Вскоре после того, как Остия подверглась нападению пиратов, стены и ворота были построены консулом 63 года до н. э. Этим консулом был не кто иной, как Марк Туллий Цицерон, самый известный римский оратор и писатель, язык которого считается стандартом «золотой латыни». Репутация Цицерона-стилиста безупречна до такой степени, что некоторые словари и грамматики латинского языка указывают, что все цитаты, автор которых в тексте не указан, принадлежат Цицерону; таких цитат намного больше, чем изречений любого другого автора, и их грамматический авторитет непоколебим. Неизвестно, как отнесся бы Цицерон к такой посмертной славе: он всю жизнь мечтал о серьезной политической карьере, о том, чтобы быть отцом отечества и спасителем республики. Судебное красноречие было для него ступенькой к этой цели, а философские и моральные трактаты — отдыхом от трудов и попыткой отвлечься, когда политические дела пошли вразнос.

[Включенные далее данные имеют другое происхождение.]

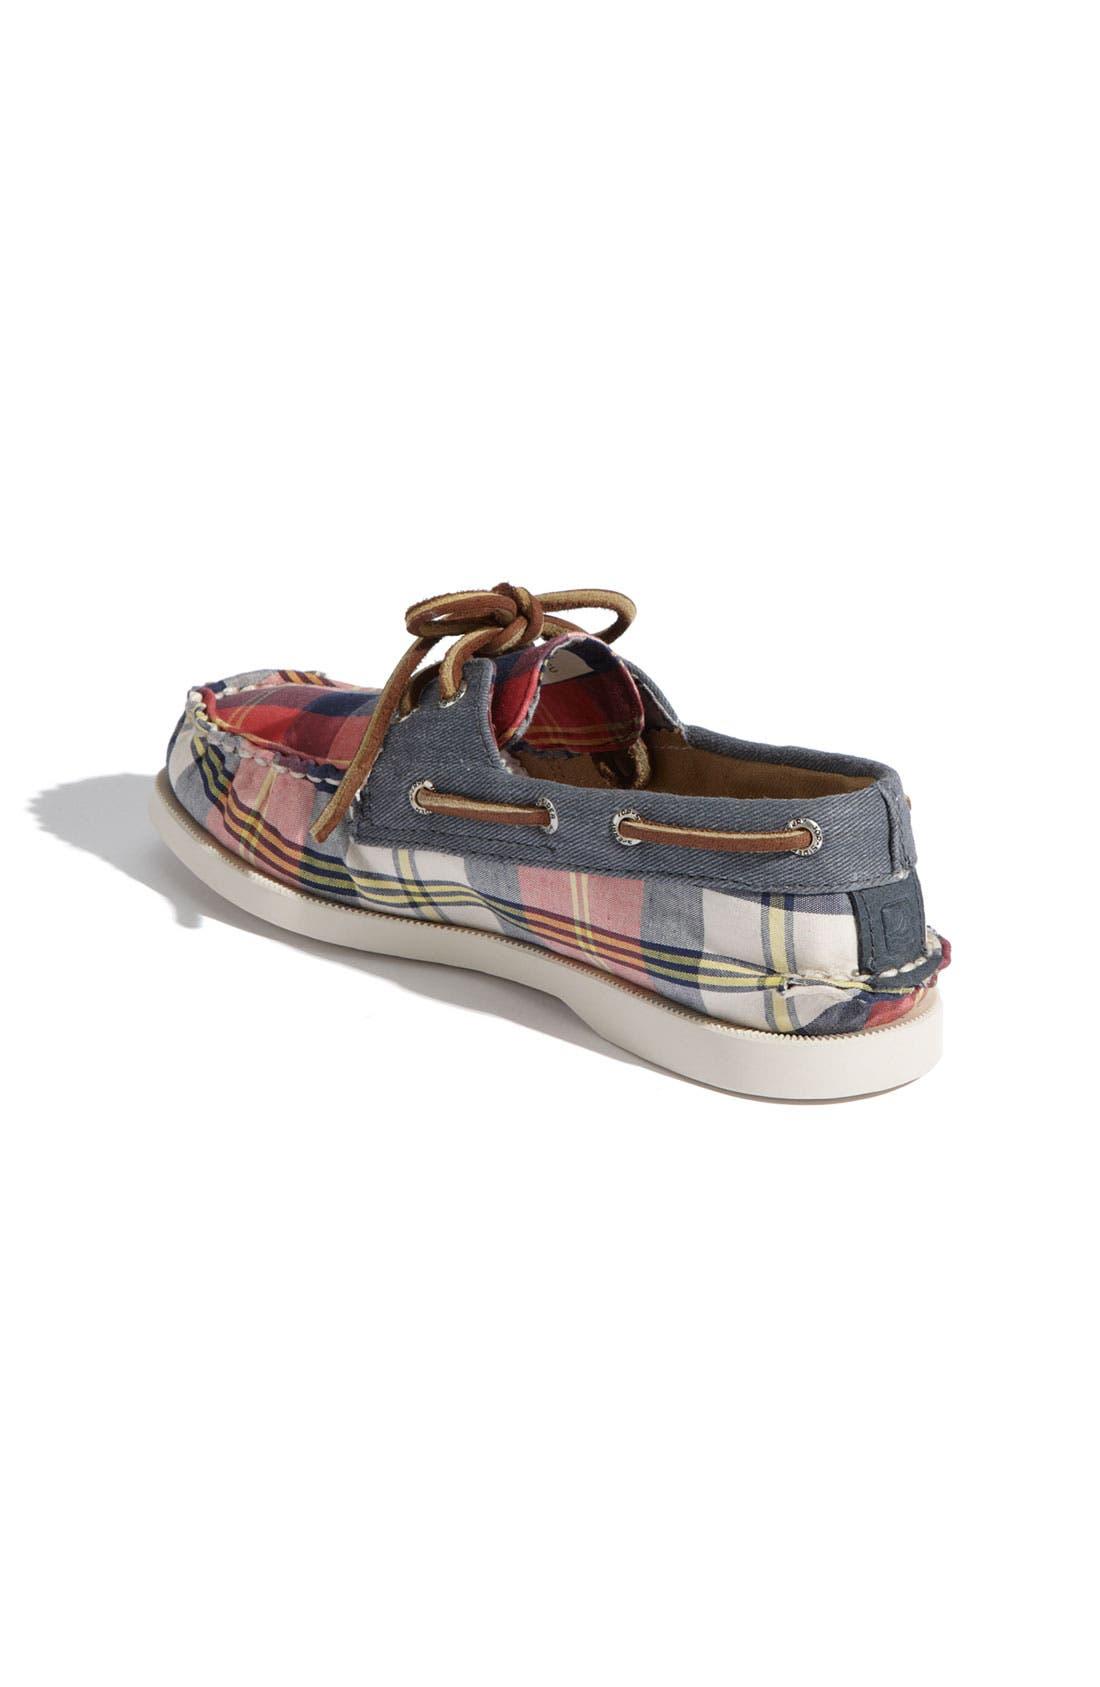 Alternate Image 2  - Sperry Top-Sider® 'Authentic Original Plaid' Boat Shoe (Walker & Toddler)

Первая речь Цицерона против Катилины, произнесенная в храме Юпитера Статора, где собрался Сенат, начинается так: «Доколе же ты, Катилина, будешь злоупотреблять нашим терпением? Как долго еще ты, в своем бешенстве, будешь издеваться над нами? До каких пределов ты будешь кичиться своей дерзостью, не знающей узды? Неужели тебя не встревожили ни ночные караулы на Палатине, ни стража, обходящая город, ни страх, охвативший народ, ни присутствие всех честных людей, ни выбор этого столь надежно защищенного места для заседания сената, ни лица и взоры всех присутствующих? Неужели ты не понимаешь, что твои намерения открыты? Не видишь, что твой заговор уже известен всем присутствующим и раскрыт? Кто из нас, по твоему мнению, не знает, что делал ты последней, что предыдущей ночью, где ты был, кого сзывал, какое решение принял? О, времена! О, нравы! Сенат все это понимает, консул видит, а этот человек все еще жив».[57]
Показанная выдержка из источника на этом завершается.